Edin Dzeko, rumoured to be the subject of a megabucks bid of anywhere between £30-40million – depending on which newspaper you read – from cash-rich Manchester City, punished some slack Philip Lahm defending to score a truly world class finish (Alright, the German captain kicked it against him and it deflected over a stranded Manuel Neuer in goal).
The Bosnian hit man, who has scored at Eintracht Frankfurt's Kommerzbank Stadion in each of VfL Wolfsburg's last two league fixtures there, made no mistake in front of goal yet again last night to find the back of the net, albeit in fortuitous fashion.
Yet Lahm made up for his poor defending – or maybe unlucky defending? - with a fantastic goal of his own. The truly two-footed full back weaved between a couple of Bosnia players to lash a 20-yard effort into the top corner and level proceedings in Germany's final pre-World Cup friendly. A lovely goal, really beautiful. He scored a screamer to become the first player to score at Euro 2008, and more of this sort of stuff will be very welcome when the World Cup kicks off next week.

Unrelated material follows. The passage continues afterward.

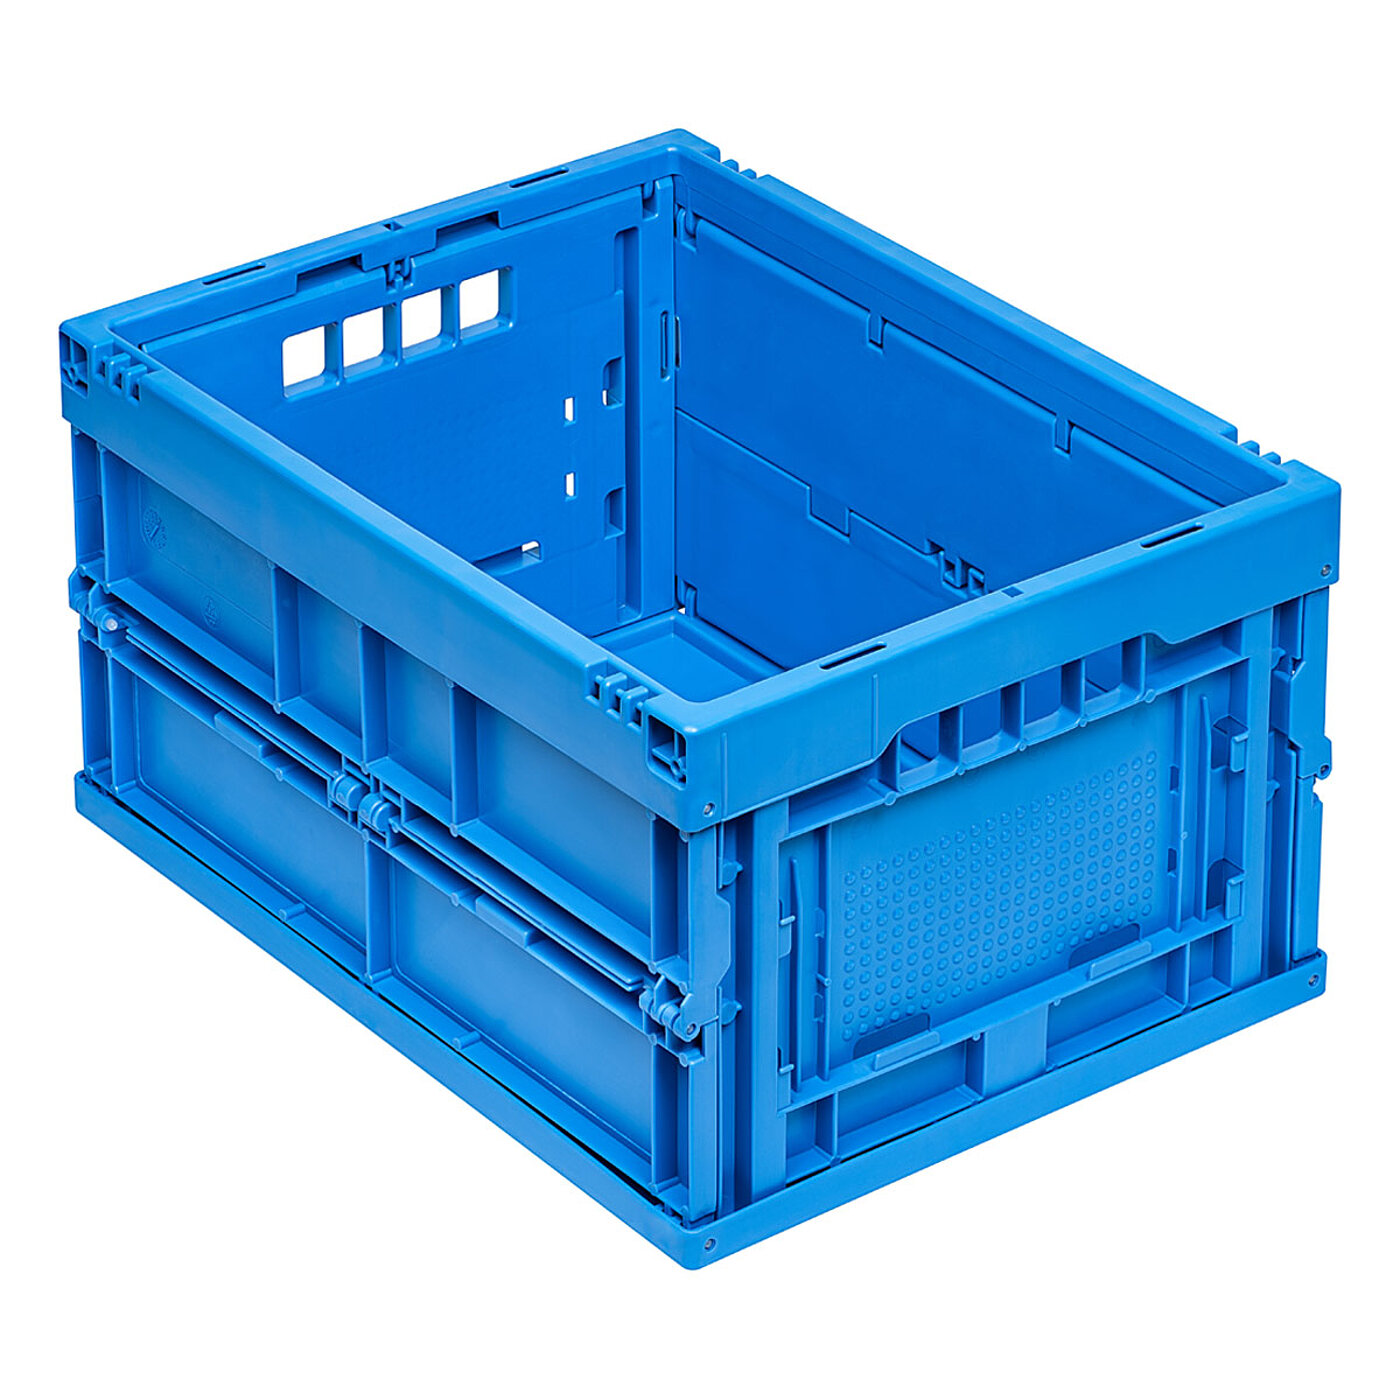 eine blaue Faltbox aus Kunststoff in Schrägansicht, freigestellt auf weißem Hintergrund
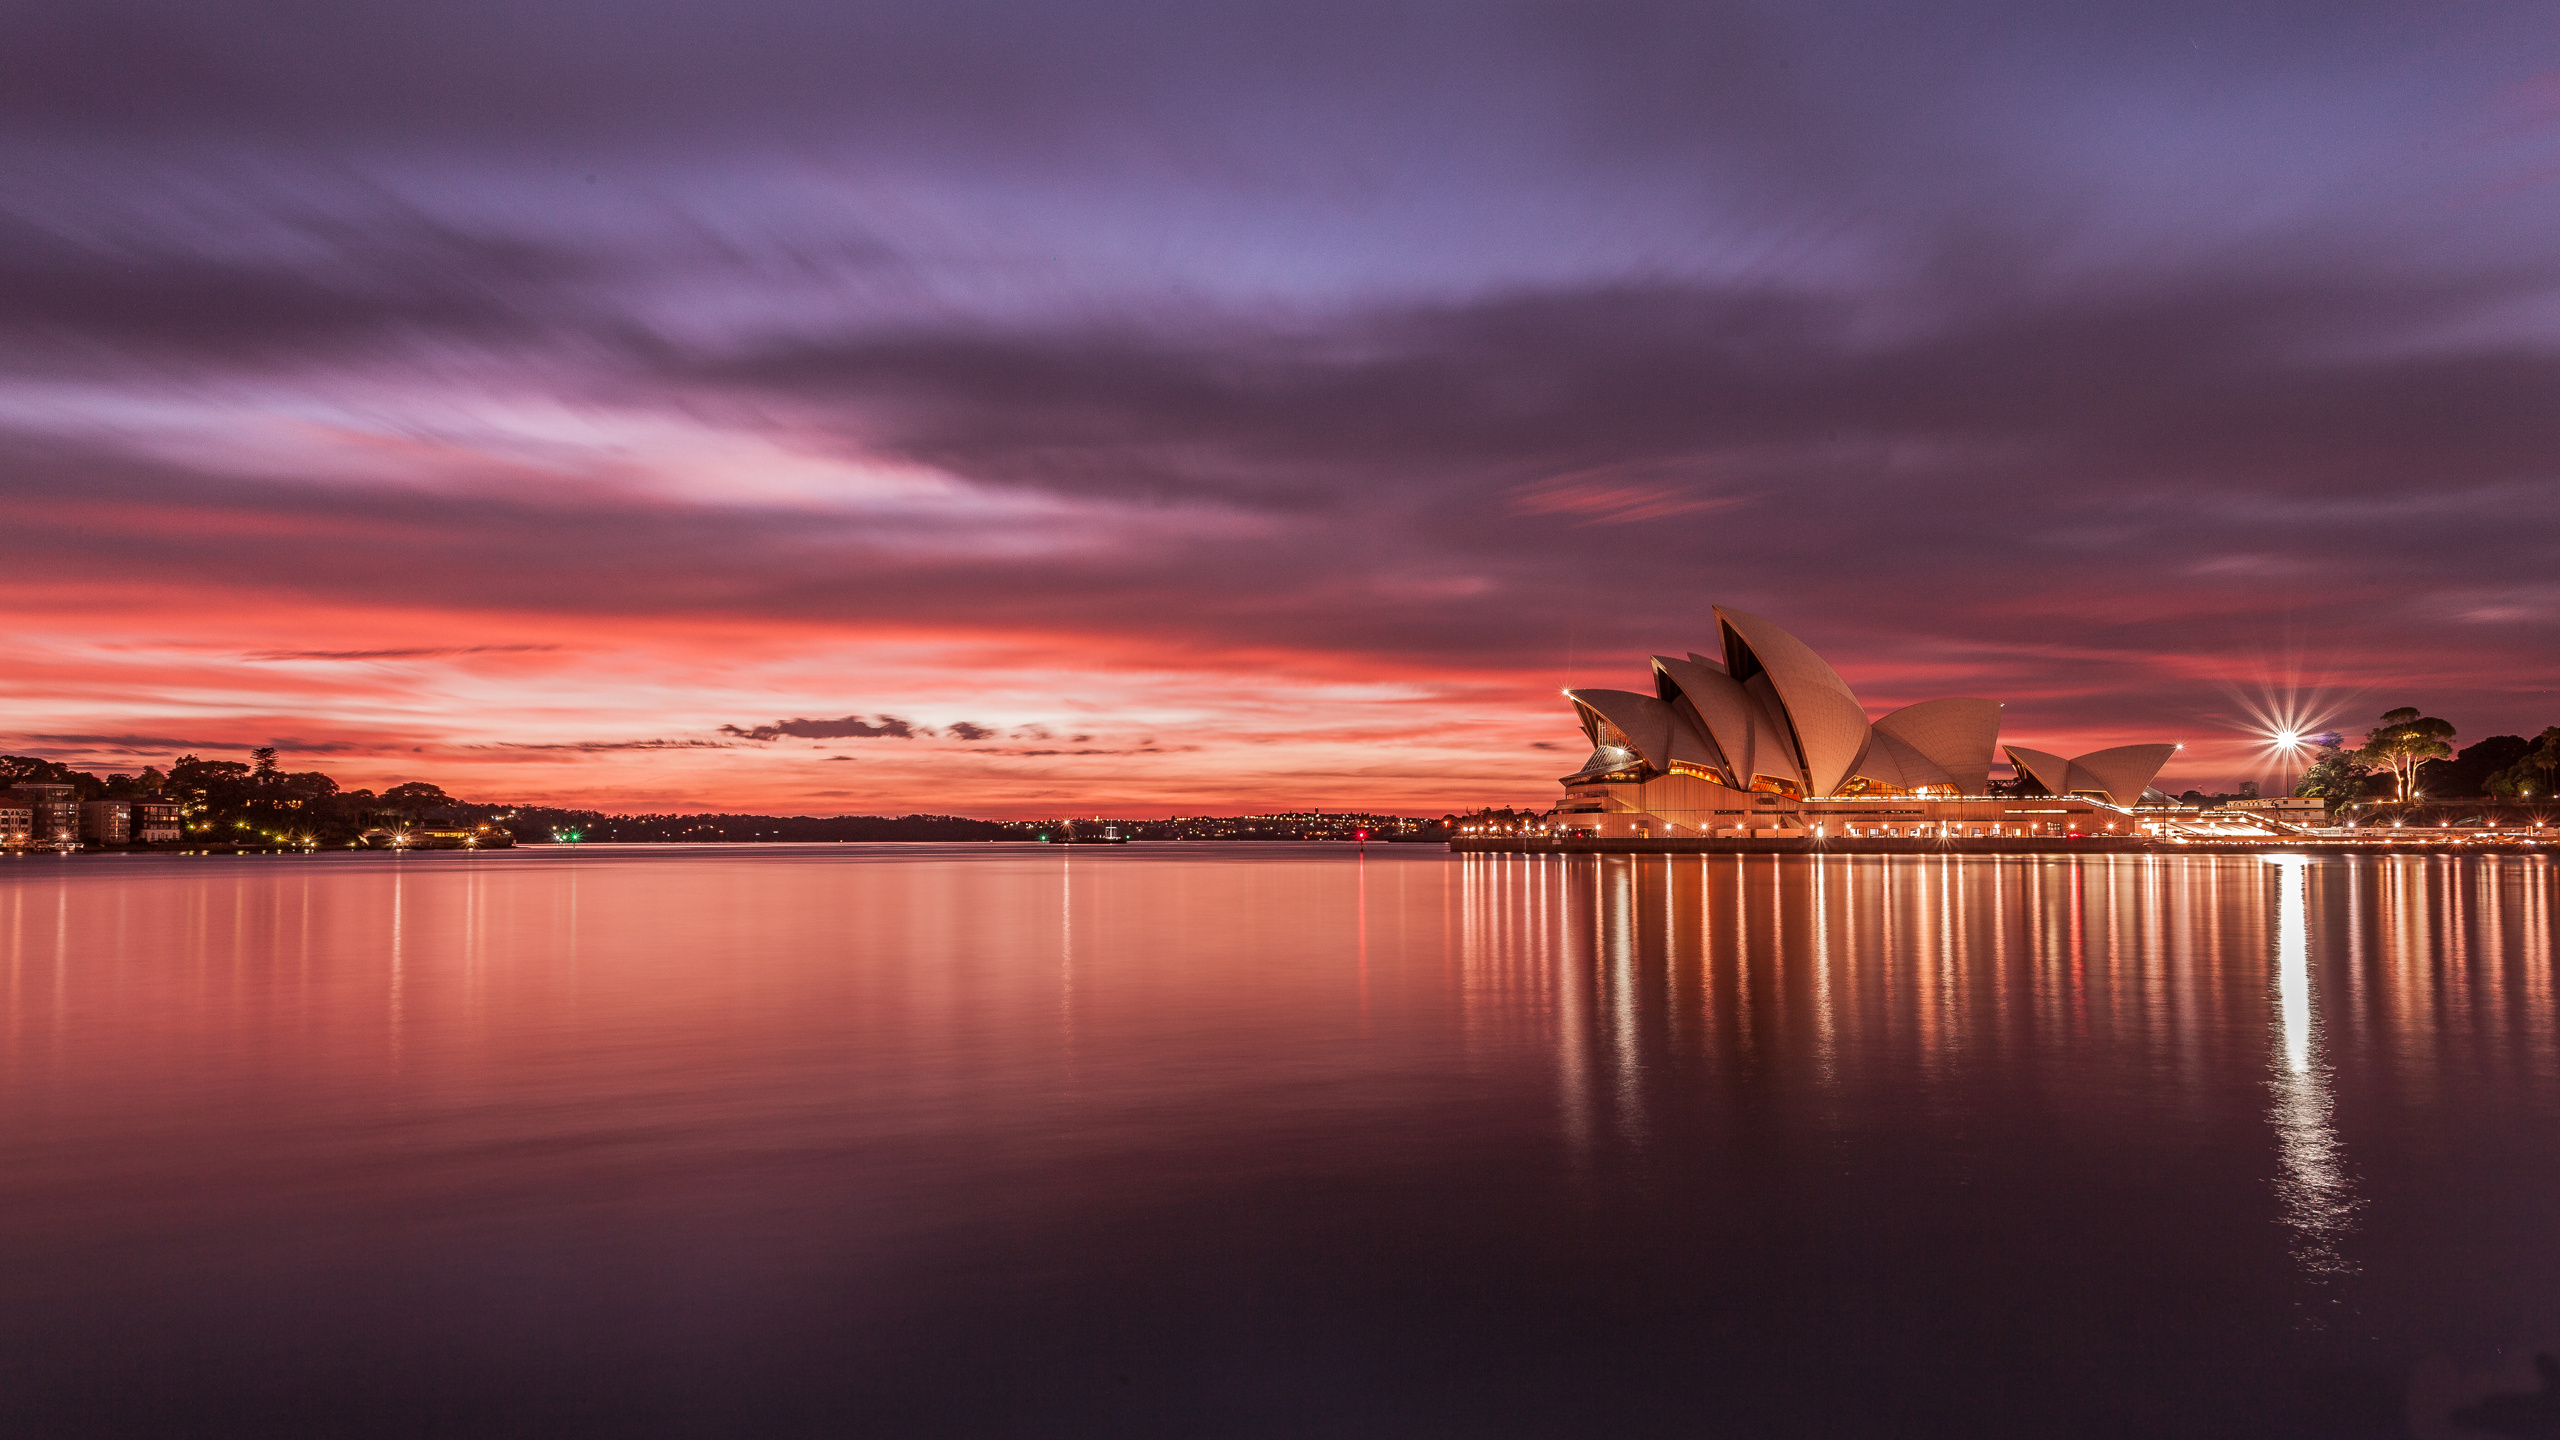 悉尼歌剧院, 反射, 地平线, 余辉, 日落 壁纸 2560x1440 允许

The two penalties from Schweinsteiger earned his side the win - although the second one was perhaps a bit harsh on Bosnia – yet fans of the national team might be ever-so-slightly concerned about the team Löw deemed his starting eleven for Germany's first group game against Australia.
And that starting XI you ask? Goalkeeper: Manuel Neuer. Defenders: Philip Lahm, Arne Friedrich, Per Mertesacker, Holger Badstuber. Midfielders: Sami Khedira, Bastian Schweinsteiger, Piotr Trochowski, Mesut Özil. Strikers: Lukas Podolski, Miroslav Klose.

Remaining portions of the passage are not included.